### Work instructions
Every entry below must be transcribed word for word, and the images must be left out.

### Data provided
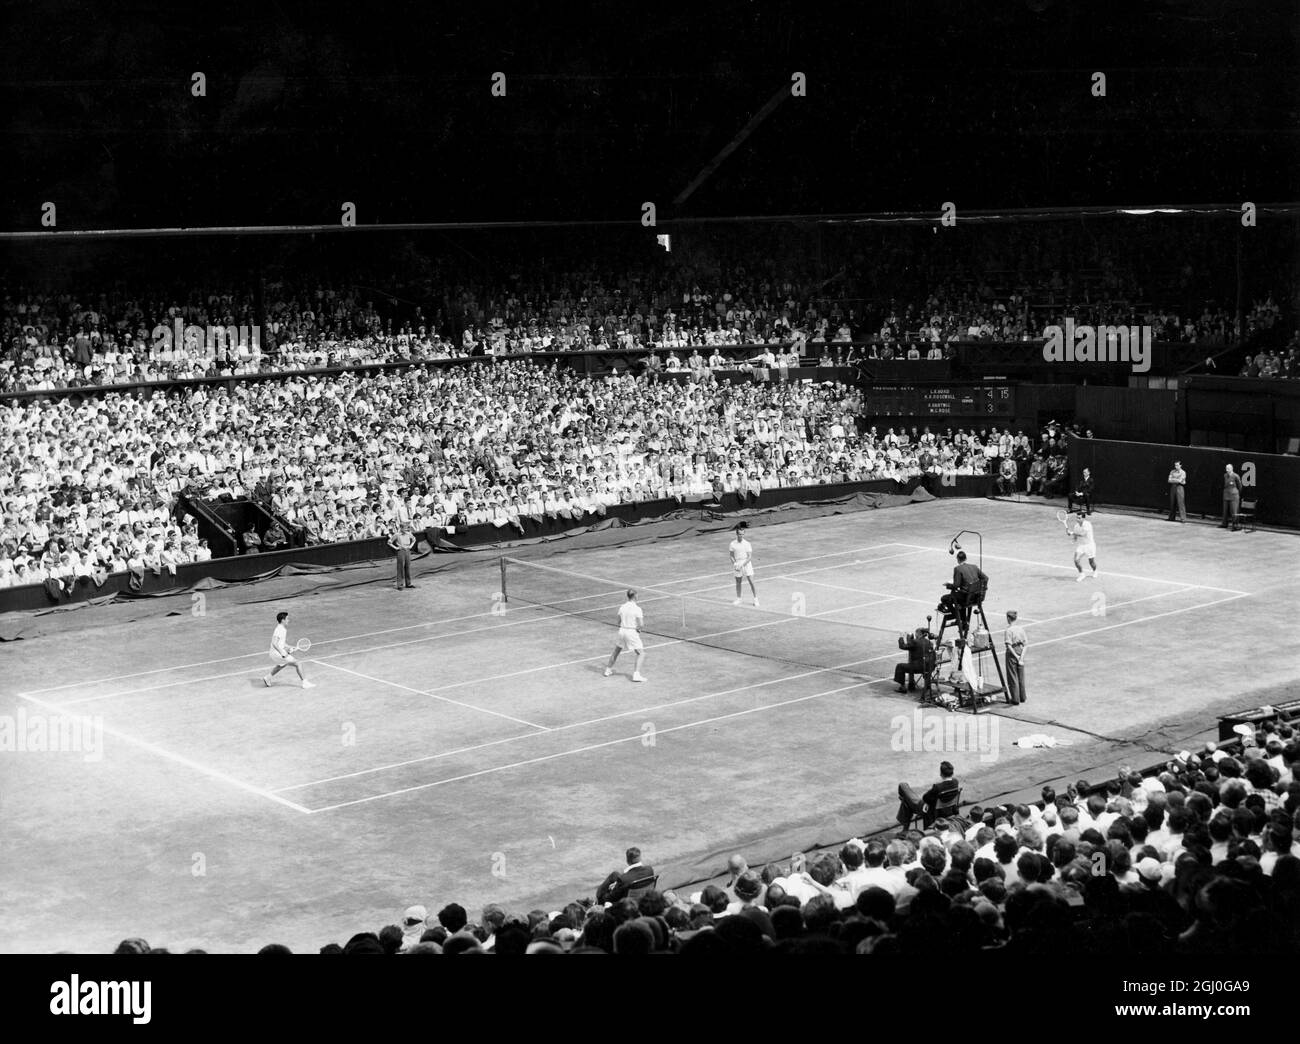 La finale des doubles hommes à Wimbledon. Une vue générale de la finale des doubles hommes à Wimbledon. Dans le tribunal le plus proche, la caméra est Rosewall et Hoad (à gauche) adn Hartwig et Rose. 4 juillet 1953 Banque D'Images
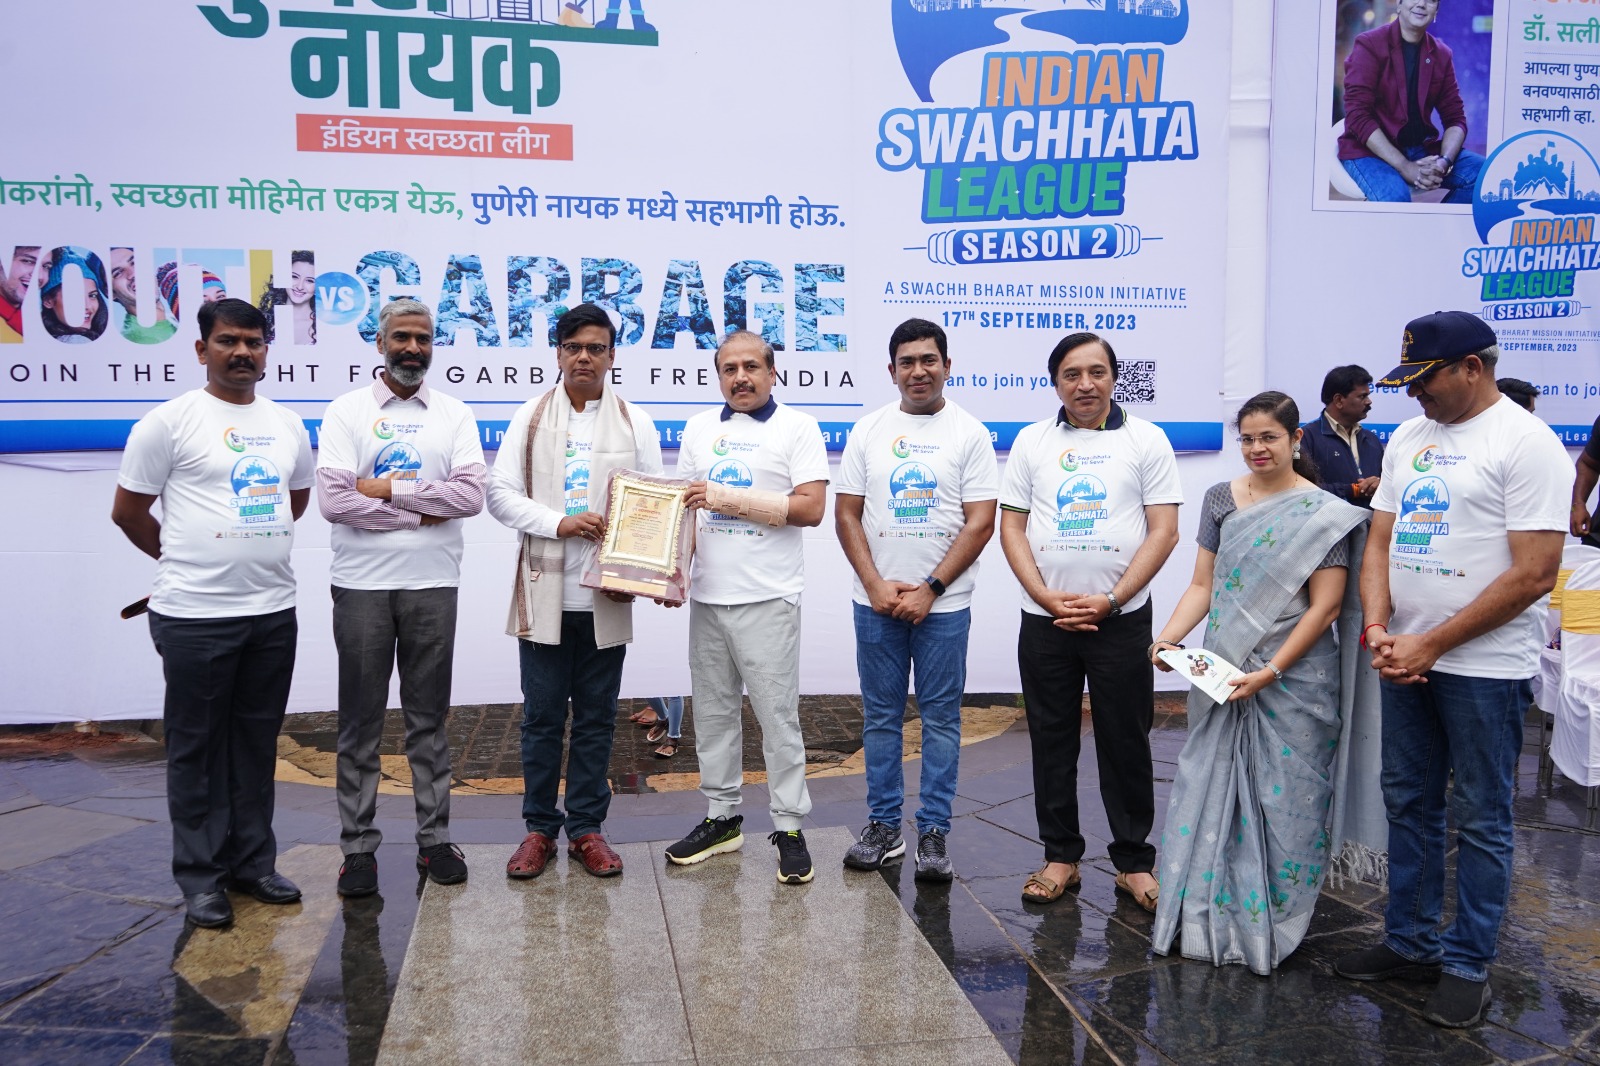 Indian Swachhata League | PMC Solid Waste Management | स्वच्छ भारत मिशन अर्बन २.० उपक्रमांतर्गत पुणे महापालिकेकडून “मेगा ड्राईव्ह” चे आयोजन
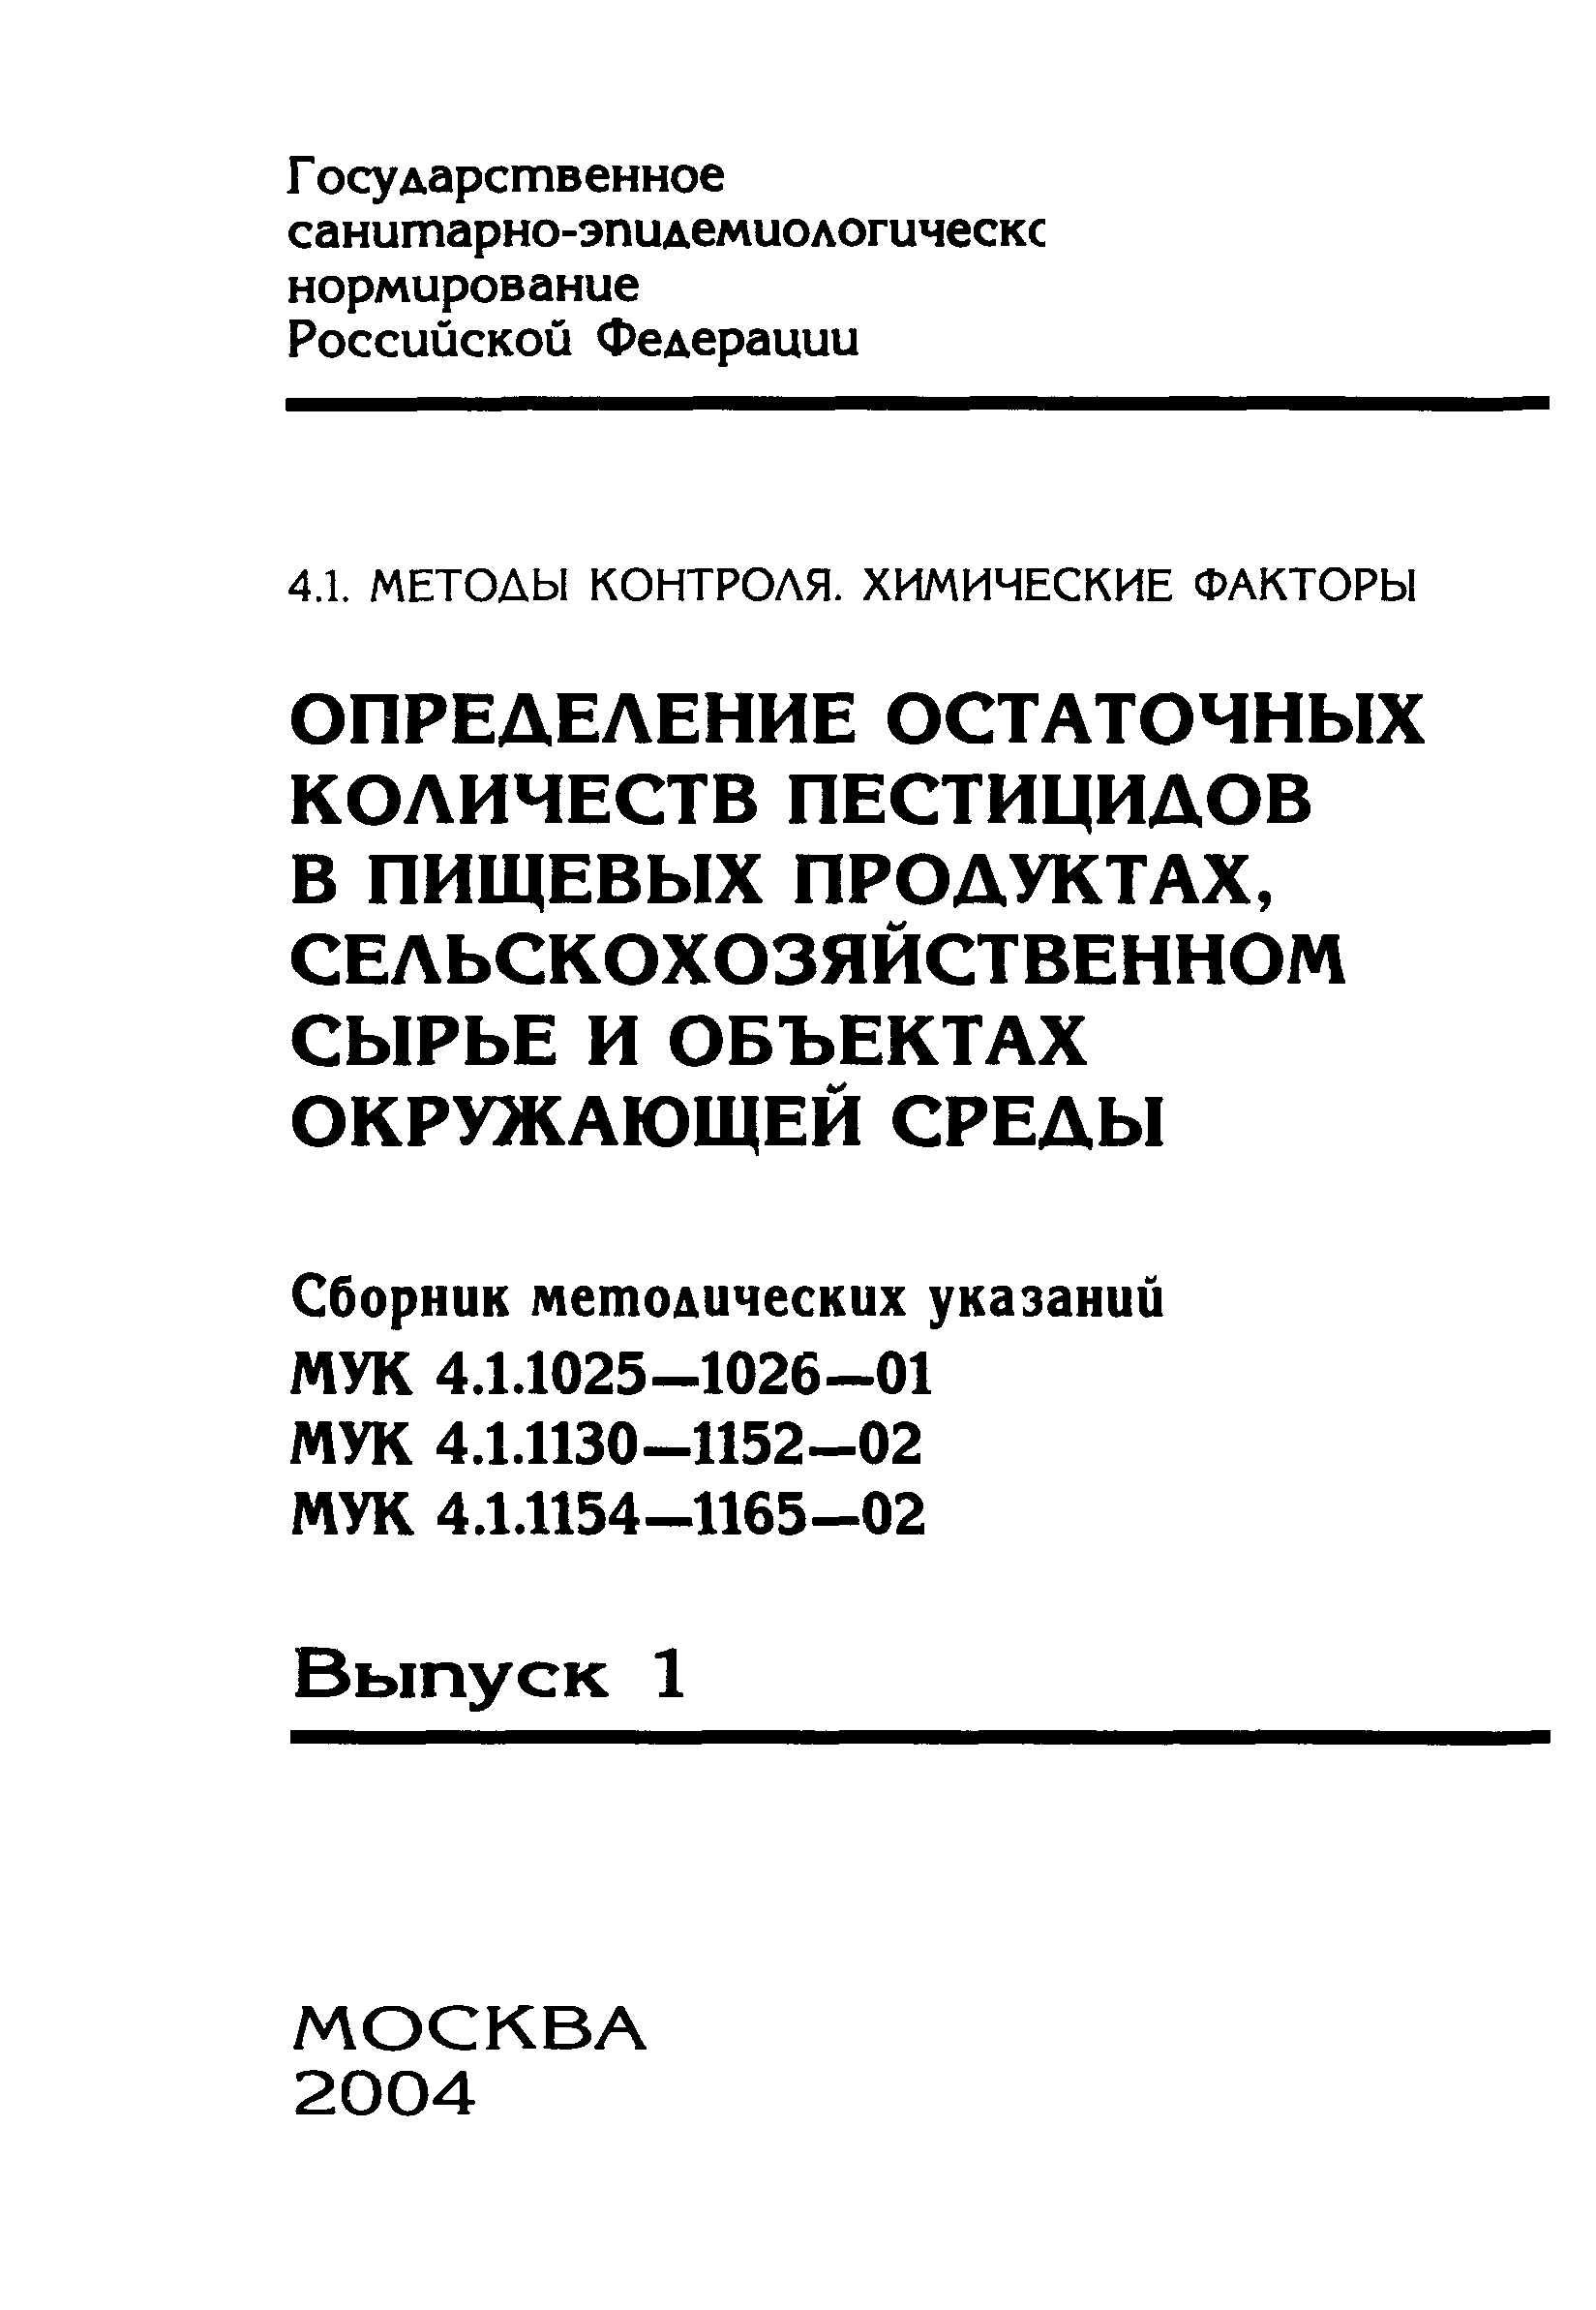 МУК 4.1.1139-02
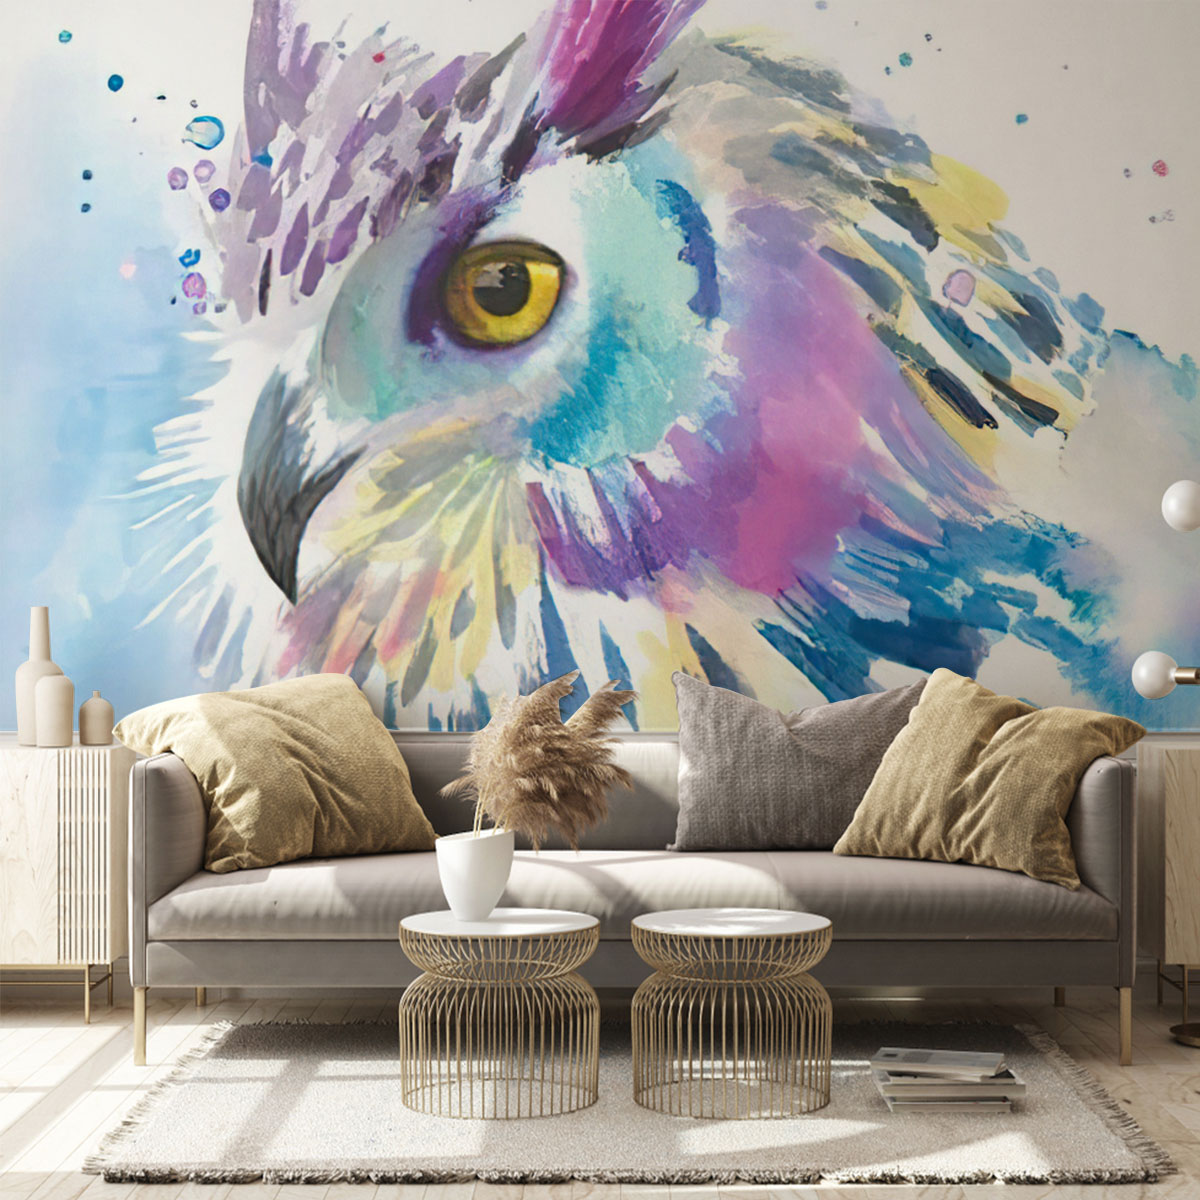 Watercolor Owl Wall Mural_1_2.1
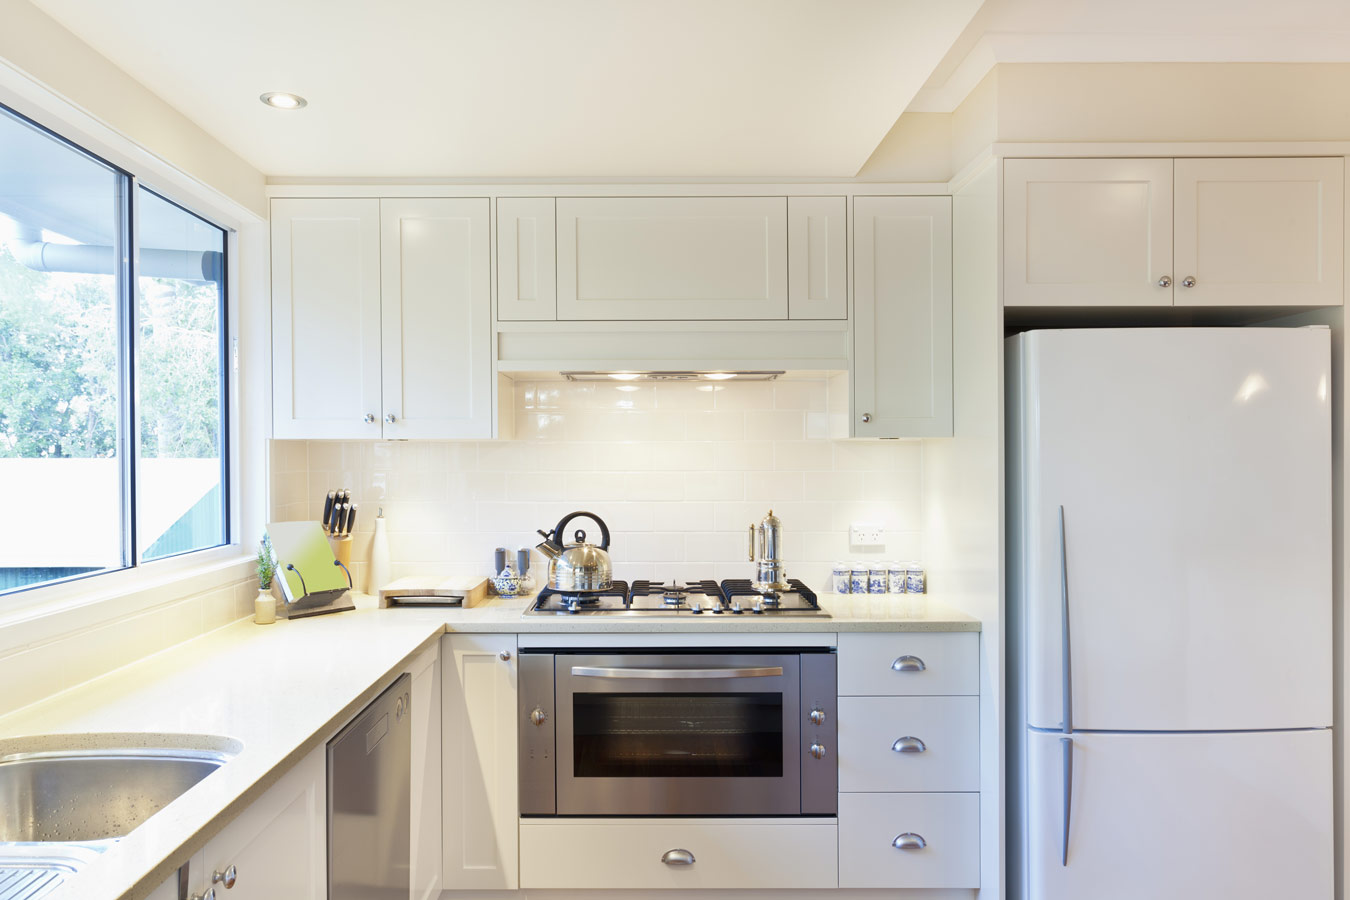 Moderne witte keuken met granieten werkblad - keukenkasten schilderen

### Answer to this task
 La finale des doubles hommes à Wimbledon. Une vue générale de la finale des doubles hommes à Wimbledon. Dans le tribunal le plus proche, la caméra est Rosewall et Hoad (à gauche) adn Hartwig et Rose. 4 juillet 1953 Banque D'Images
 Indian Swachhata League | PMC Solid Waste Management | स्वच्छ भारत मिशन अर्बन २.० उपक्रमांतर्गत पुणे महापालिकेकडून “मेगा ड्राईव्ह” चे आयोजन
 МУК 4.1.1139-02
 Watercolor Owl Wall Mural_1_2.1
 Moderne witte keuken met granieten werkblad - keukenkasten schilderen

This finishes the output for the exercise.